Reproduce, exactly and in full, the records that follow, minus any pictures.

── THE DATA

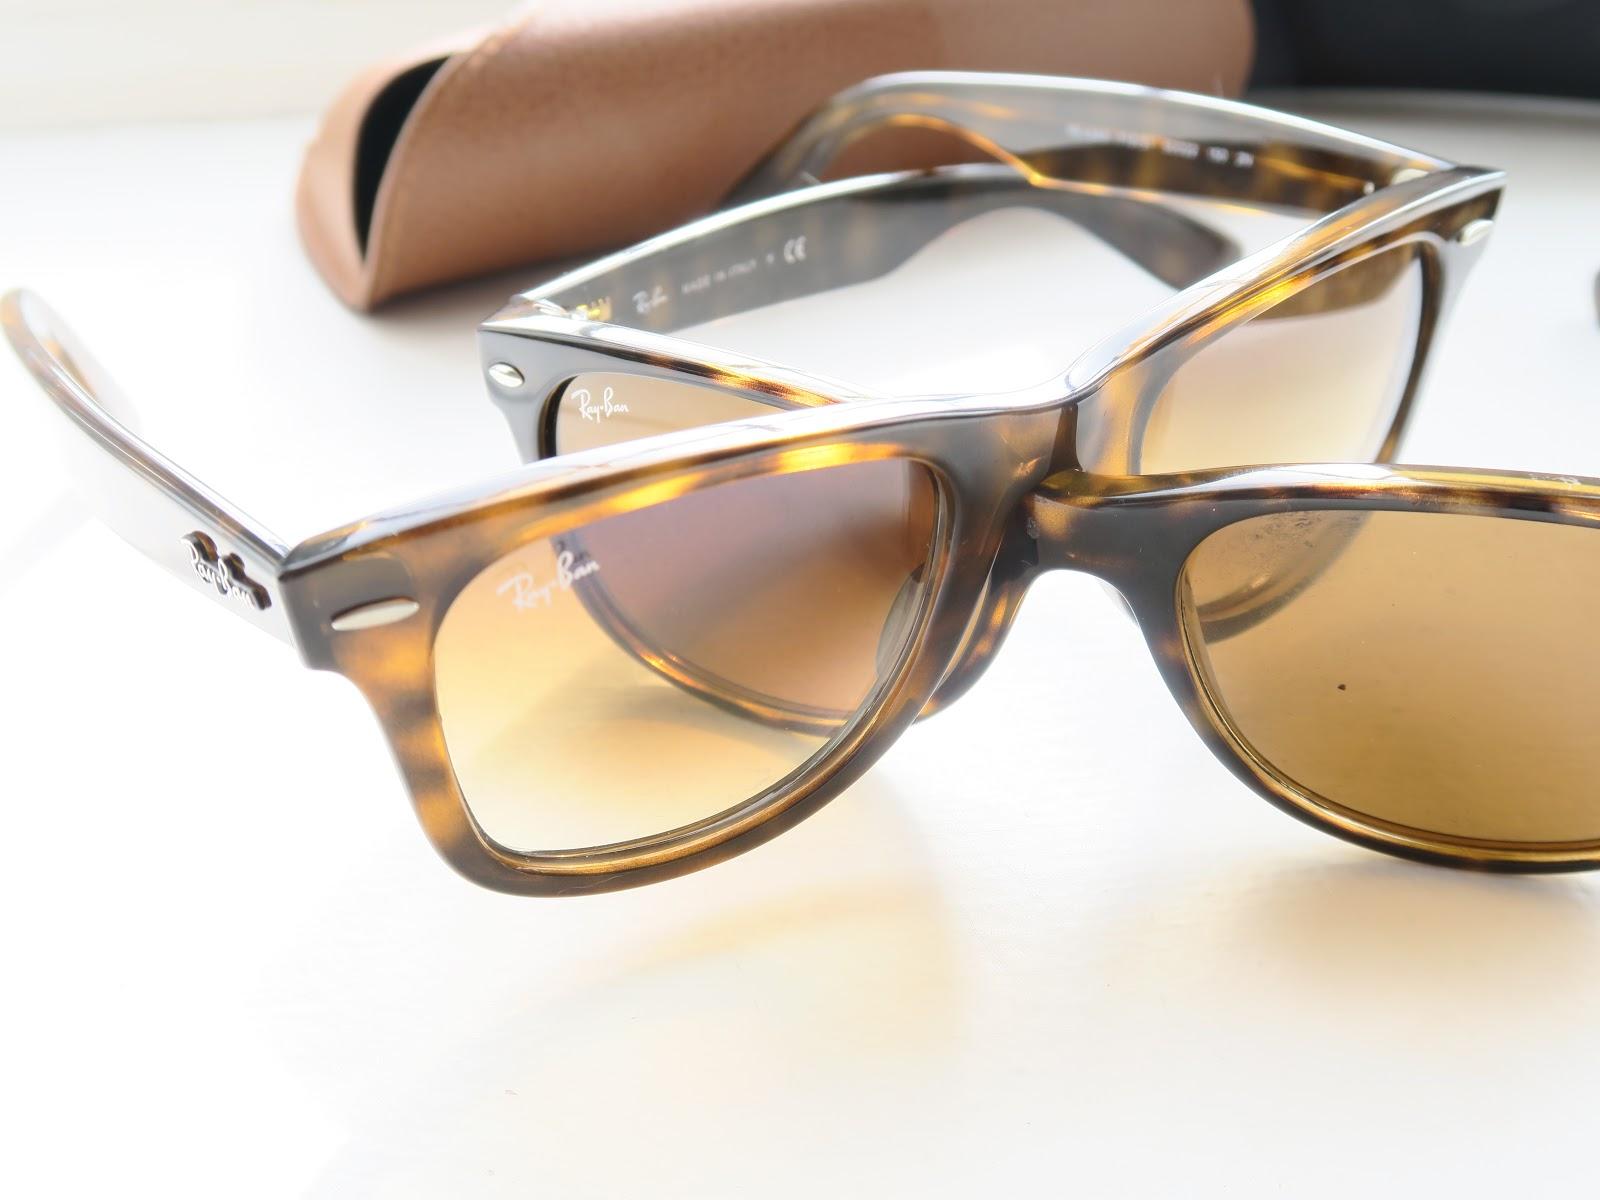 Fashion Blog: How To Spot FAKE Ray-Ban Sunglasses - Hello, Terri Lowe
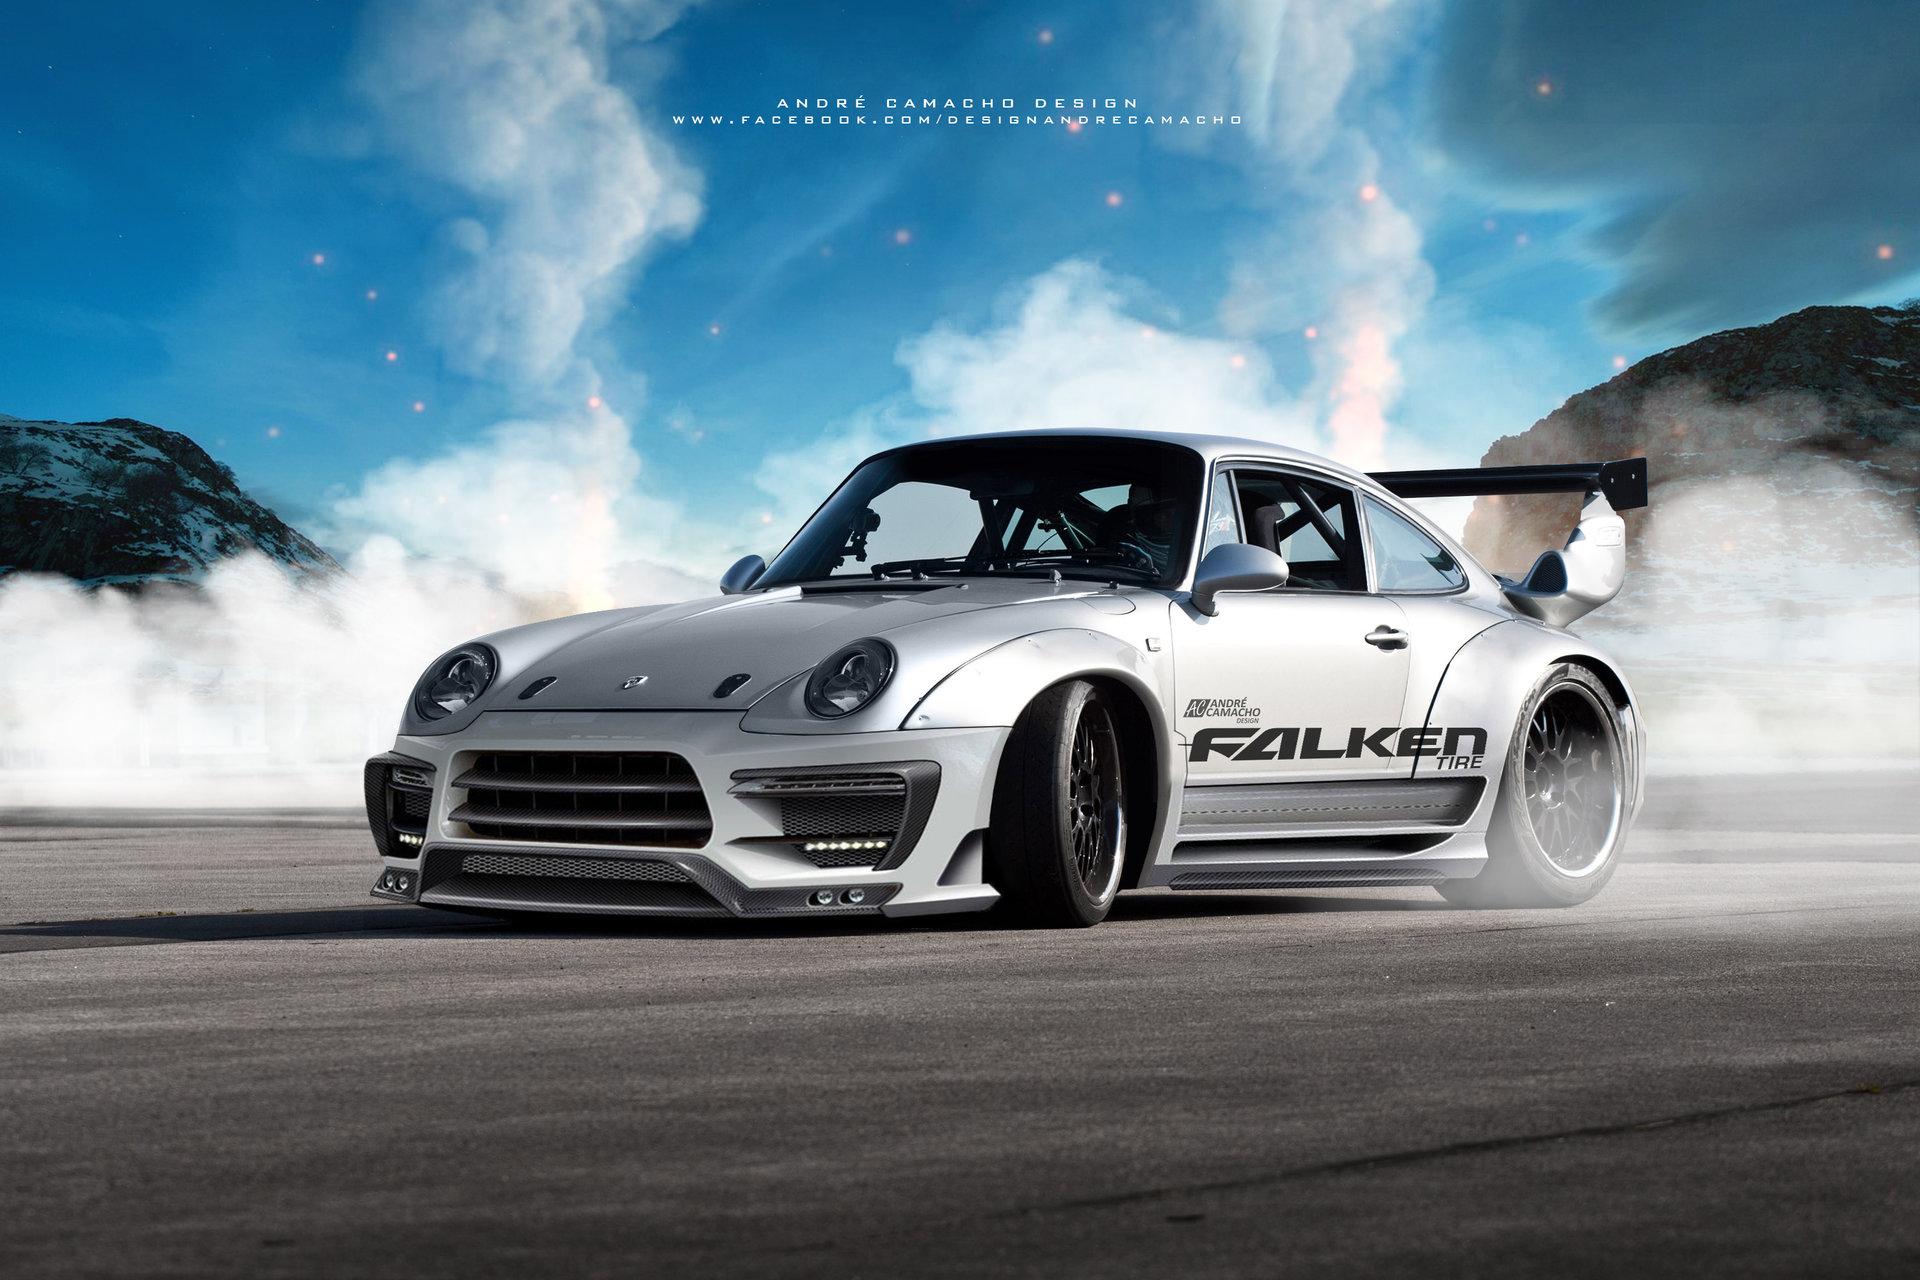 Andre Camacho Design Porsche 993 Gt2 Turbo
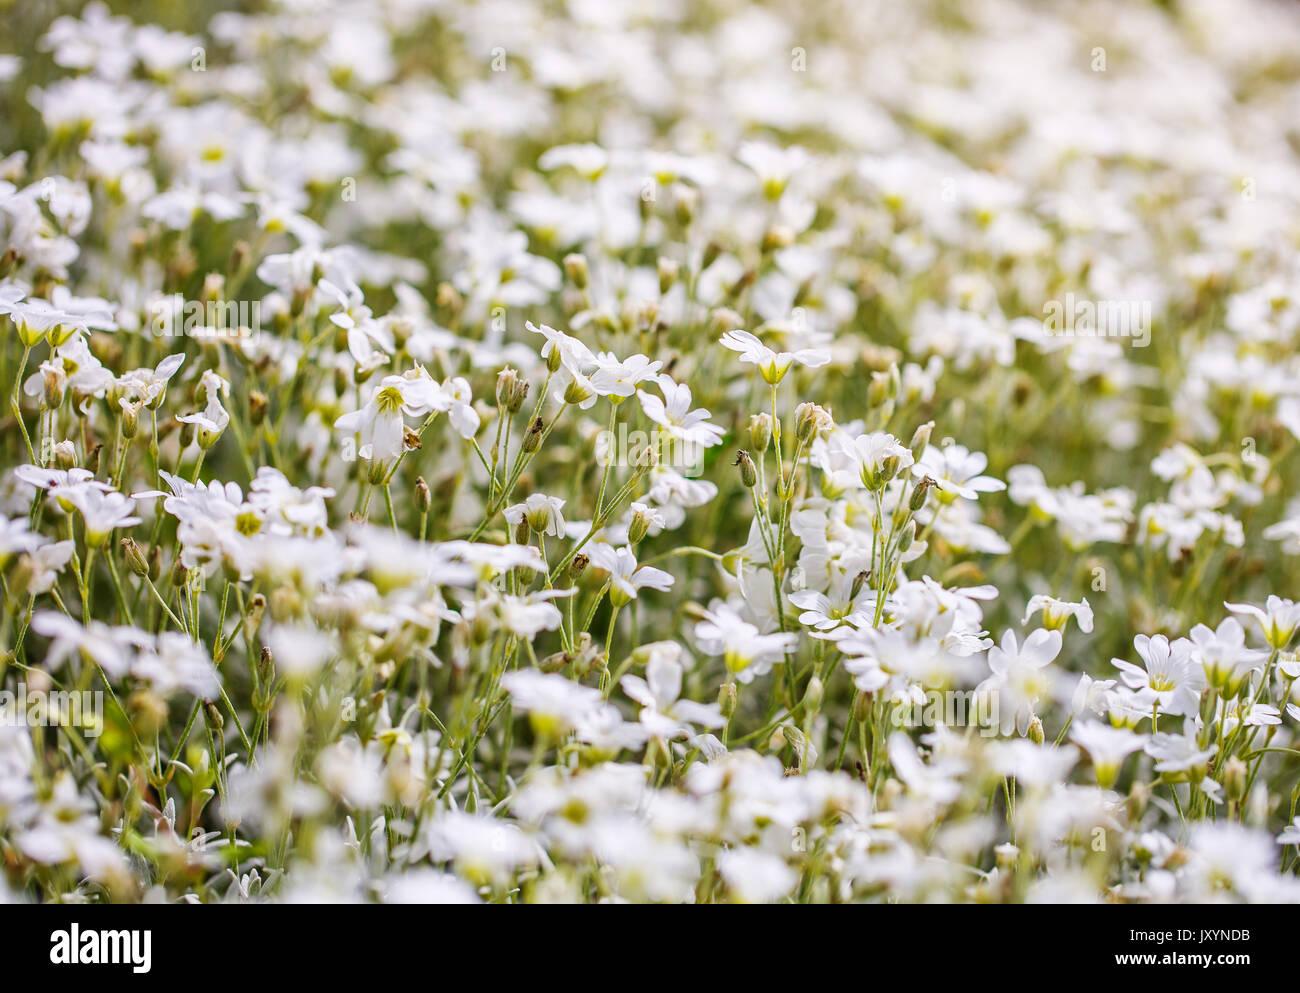 Field of a beautiful white flowers daisies stock photo 154273543 field of a beautiful white flowers daisies mightylinksfo
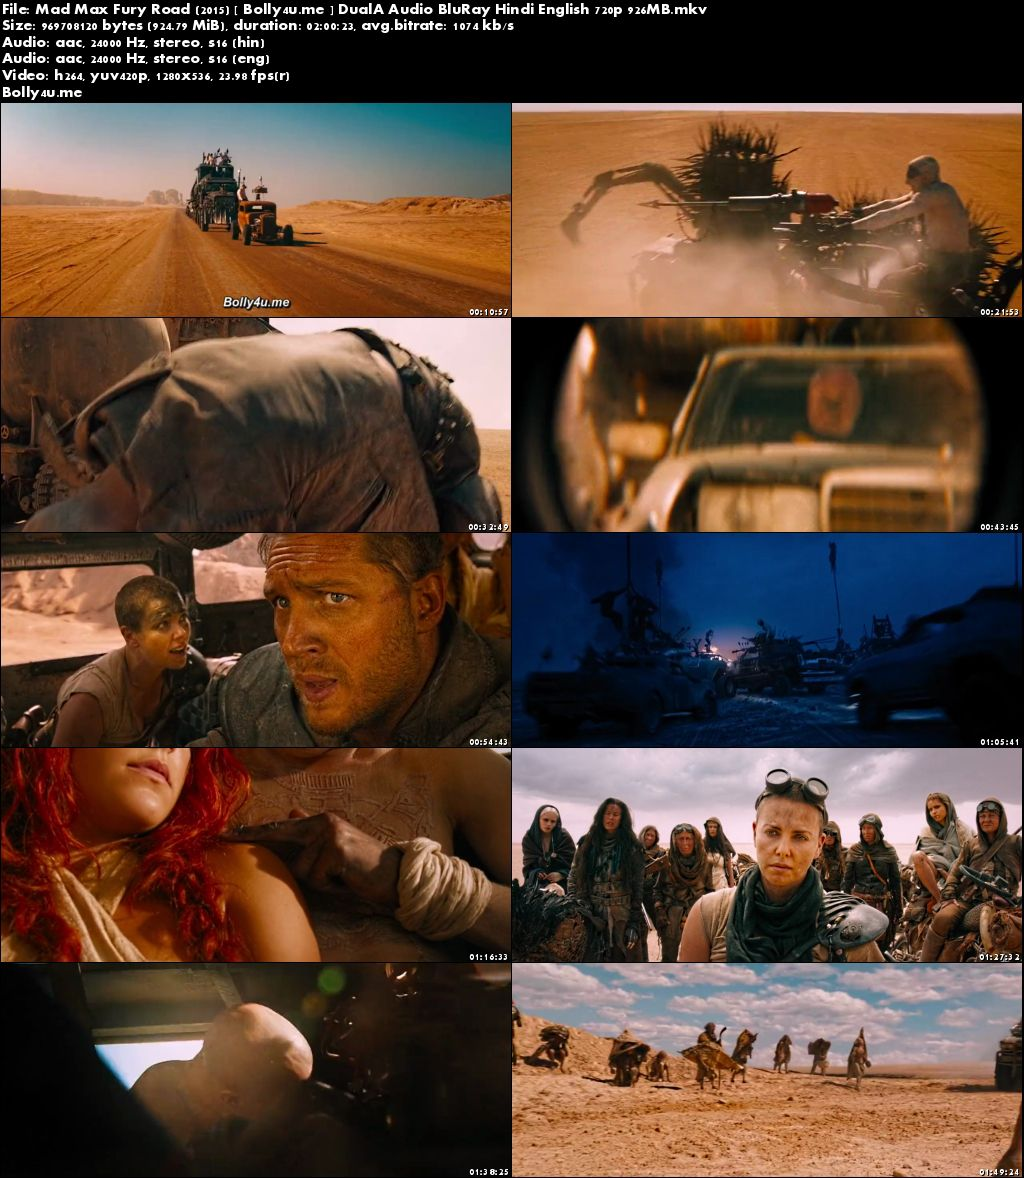 Mad Max Fury Road 2015 BRRip 350MB Hindi Dual Audio 480p Download
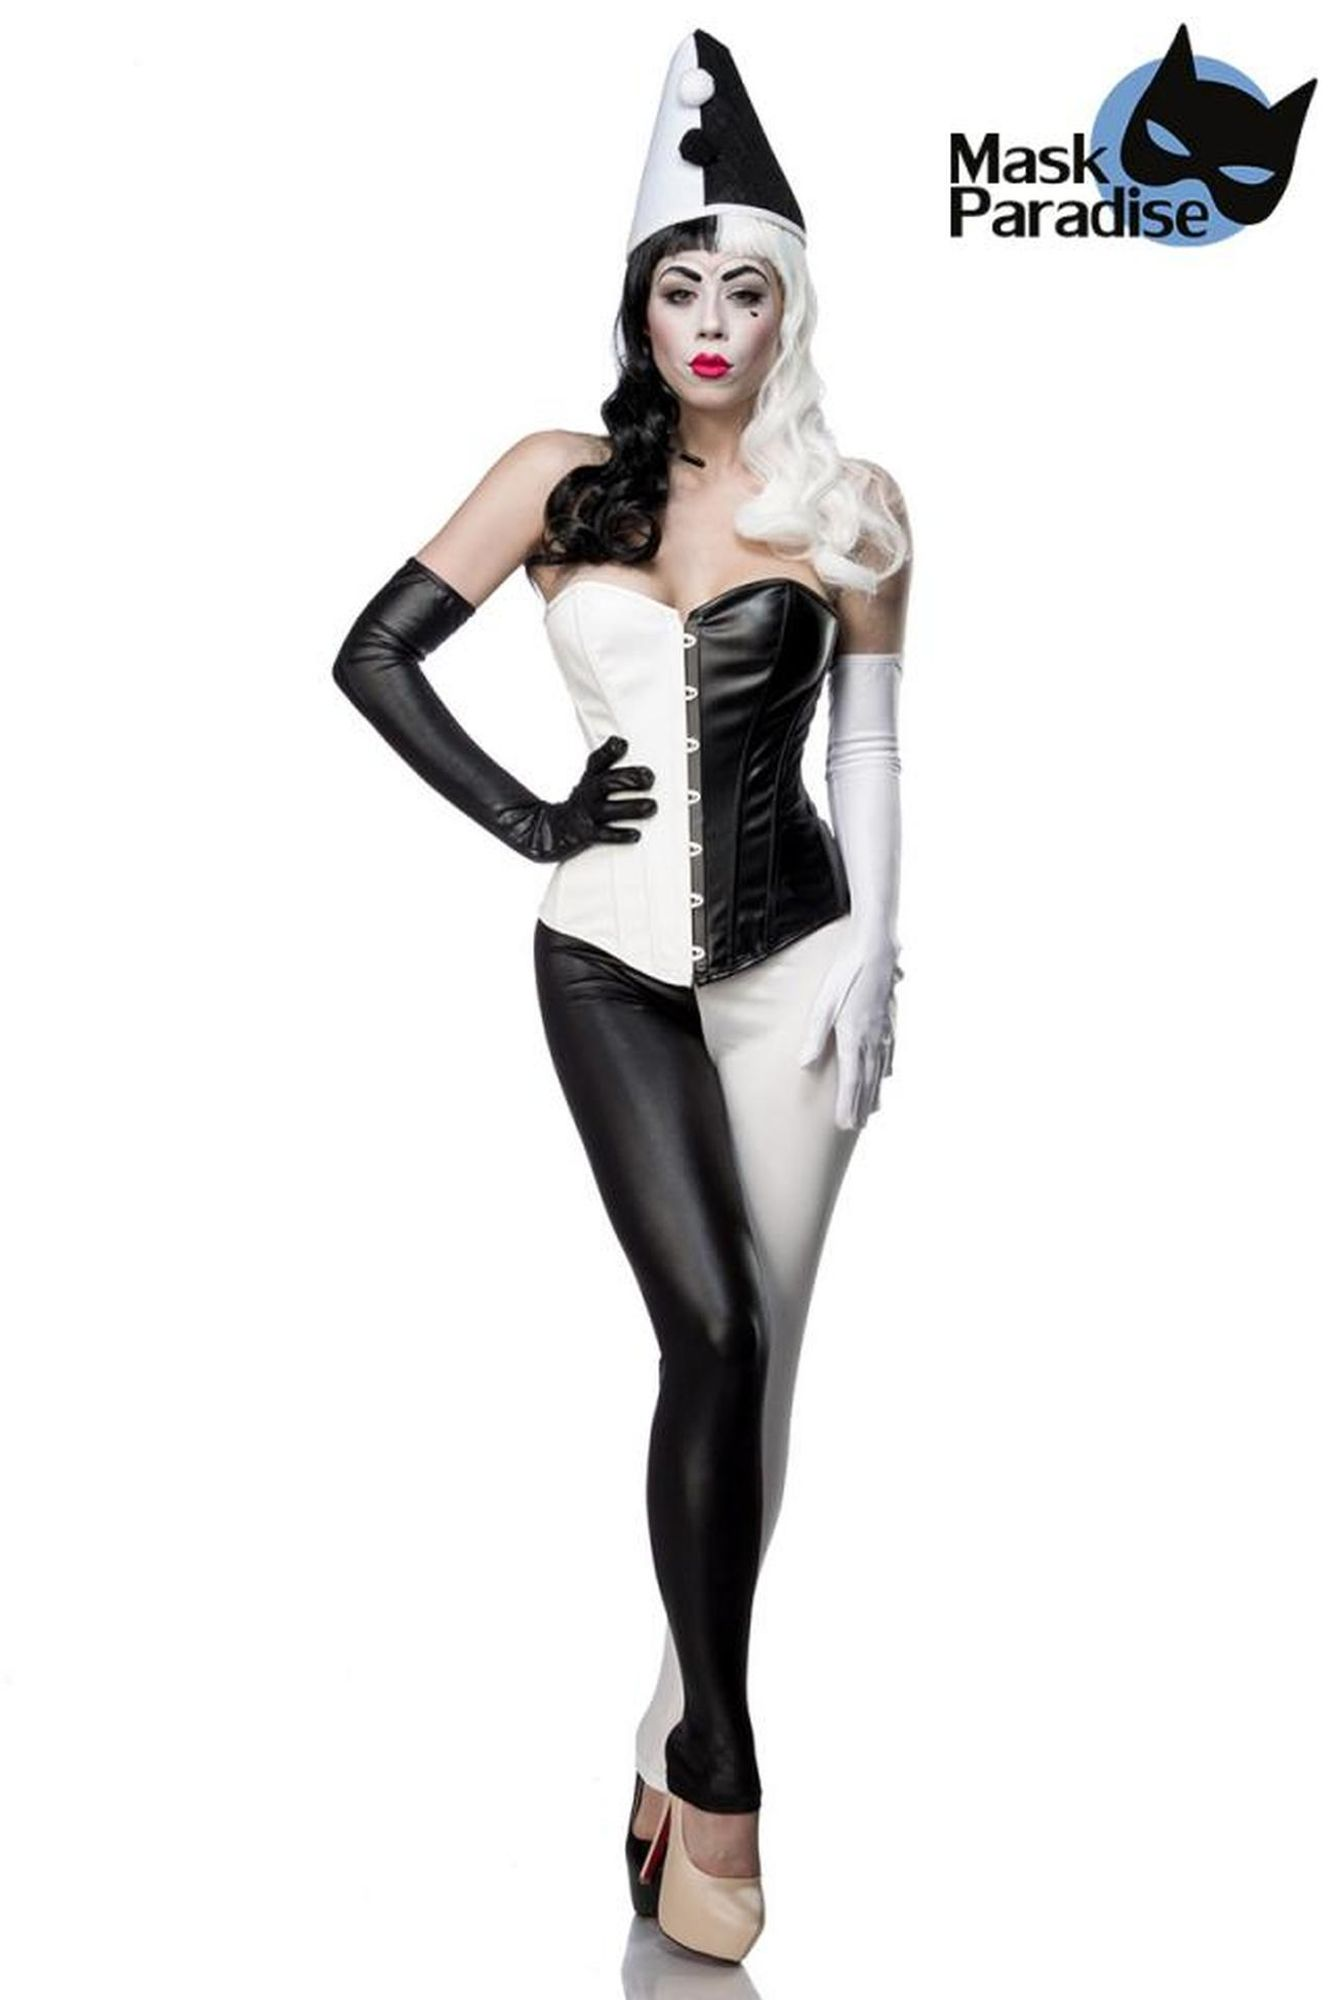 Mask Paradise Harlekinkostüm: Classic Harlequin - schwarz/weiß

────

▶ [RESPONSE FOR THIS EXERCISE]
 Fashion Blog: How To Spot FAKE Ray-Ban Sunglasses - Hello, Terri Lowe
 Andre Camacho Design Porsche 993 Gt2 Turbo
 Field of a beautiful white flowers daisies stock photo 154273543 field of a beautiful white flowers daisies mightylinksfo
 Mad Max Fury Road 2015 BRRip 350MB Hindi Dual Audio 480p Download
 Mask Paradise Harlekinkostüm: Classic Harlequin - schwarz/weiß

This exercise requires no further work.